Leyes y perros
Siempre se ha dicho que la justicia, si es lenta, ya no es justicia. Nuestra Constitución quiso consagrar este inveterado sentir popular al afirmar que todos tienen derecho a un proceso público sin dilaciones indebidas.
Por eso, la ley penal establece unos plazos para perseguir los delitos. Pasados esos plazos, desde que se cometió el hecho, este ya no puede ser investigado, ni perseguido, ni castigado. Son los plazos de la prescripción, que son proporcionales a la gravedad de los correspondientes delitos.
Dentro de esos plazos, sin embargo, el inicio o la prosecución de la investigación, del proceso o del juicio puede llegar a ser asombrosamente lento. La complejidad del asunto, las insuficiencias de los medios de la Administración de justicia, el desacierto de los profesionales, o su falta de diligencia, pueden hacer que un proceso sufra retrasos y, a veces, resulte casi eterno.
Aunque el delito sea perseguible, a medida que pasa el tiempo, la severidad de la justicia se va debilitando
Para los perjudicados por un delito la espera originada por esos retardos, esas dilaciones, resultará no solo inexplicable, sino también insoportable. Pero para nuestro Tribunal Supremo, "la necesidad de la pena queda debilitada por el transcurso del tiempo". O sea, que aunque el delito sea todavía perseguible, porque aún no ha prescrito, a medida que pasa el tiempo, la severidad de la justicia se va debilitando, atenuando. Como si, antes de abandonar, por prescripción, la persecución de un delincuente, el Estado ya diera síntomas de cansancio o desinterés. Para los procesados, sometidos a la espada de Damocles de una amenaza de condena, cuando esta se prolonga en demasía, también puede resultar insoportable la ineficiencia de la justicia.

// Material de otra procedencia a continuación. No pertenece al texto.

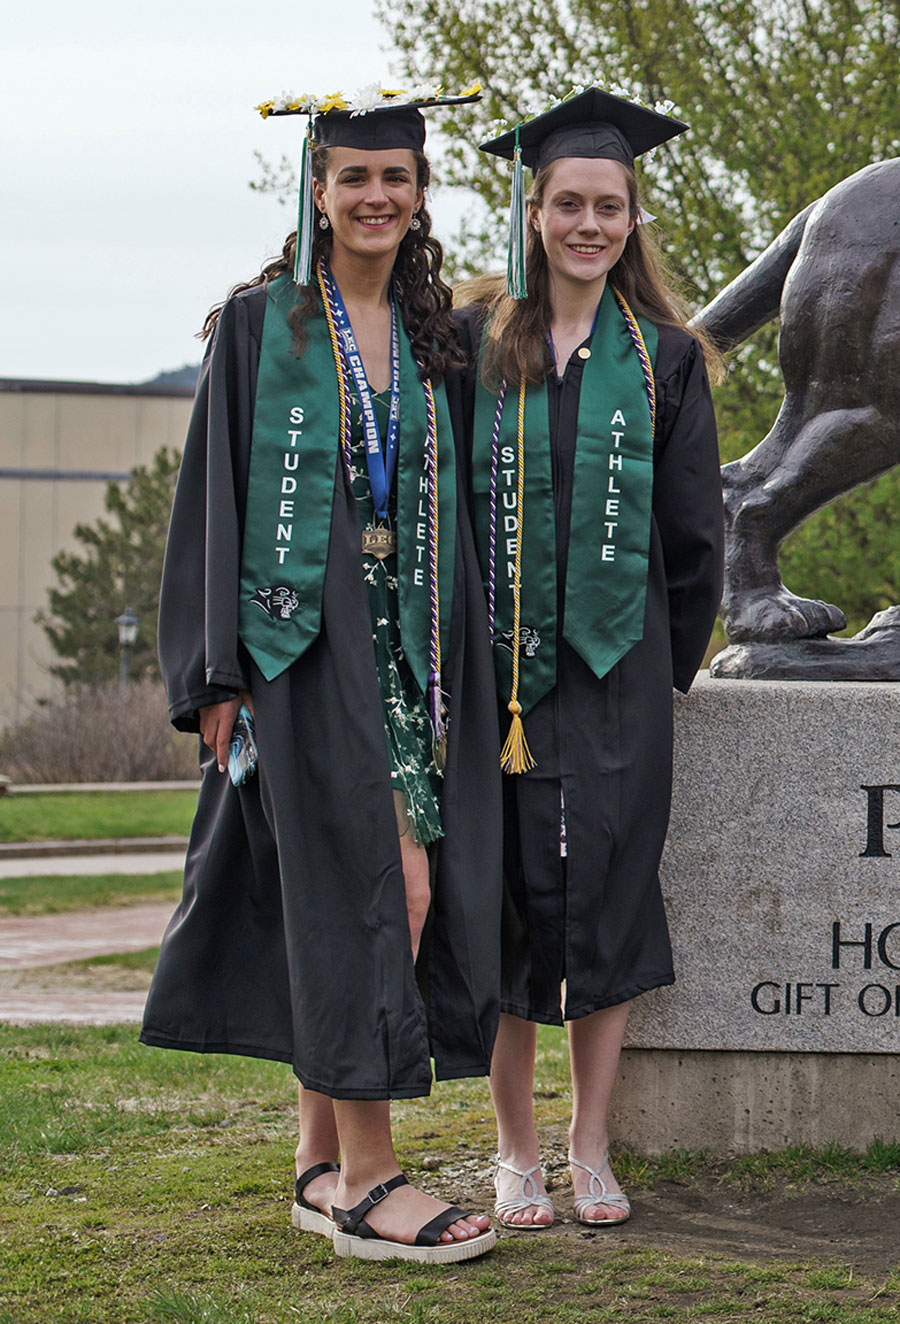 Graduates standing near school sign posing for picture

Por estas razones nuestros tribunales venían aplicando una especie de atenuación no escrita en el Código Penal, de disminución de la pena por atrasos indebidos. Desde el pasado diciembre esa atenuante de la pena está recogida en el Código. Será circunstancia que atenúa la responsabilidad penal la dilación extraordinaria e indebida en la tramitación del procedimiento. Pero si el propio inculpado provocó la dilación, no podrá beneficiarse de la atenuación.
No obstante, según nuestros tribunales, nunca es atribuible al propio inculpado ninguna dilación derivada del ejercicio de su derecho de defensa por sus abogados. Si un hábil equipo de abogados formulara la petición de pruebas o contrapruebas complejísimas, costosas, distantes, podría dilatar extraordinariamente el proceso, pero ello no impediría la aplicación de la atenuante referida. Cualquiera puede imaginar lo que esto significa cuando se trata de procesos muy complejos relacionados con delincuencia económica, y con toda la denominada de cuello blanco.
Todo esto viene a cuento porque acaba de hacerse pública la sentencia del Tribunal Supremo, del pasado 24 de febrero, en la que se ha condenado al presidente del consejo de administración de Banesto, a su director regional para Cataluña y Baleares, y a un prestigioso abogado de Barcelona como responsables penales de un delito de acusación y denuncia falsa, y se les ha aplicado la atenuante de dilaciones indebidas.
Se habían querellado contra unos clientes, imputándoles hechos falsos, como medida de presión para el cobro de una deuda que tenían con el banco. El proceso fue complicadísimo y estuvo lleno de incidencias, en una inacabable esgrima procesal. Duró 15 años. Evidentemente, para cualquiera, eso es dilación excesiva, pero no por ello, necesariamente, indebida, merecedora de atenuación. A nadie se le ha atribuido una dilación maliciosa, o simplemente injustificada. Nadie responde por la dilación, ni por el fracaso práctico del sistema penal. Casi nadie entenderá que una misma ley proclame la severidad del castigo penal y, a la vez, abra la puerta a hábiles maniobras que conducen a la benignidad para los ilustres condenados.
Quien sí lo entendía era un personaje de Aurora Roja, la novela de Pío Baroja. Era El Madrileño, que discutía con Prats, el catalán, ambos anarquistas. Cuando este distinguía entre leyes buenas y malas, El Madrileño sentenció: las leyes, como los perros, solo ladran a los que llevan blusa y mala ropa. Ha pasado un siglo desde entonces, han cambiado las ropas, pero los perros ladran igual.
José María Mena es exfiscal jefe de Cataluña.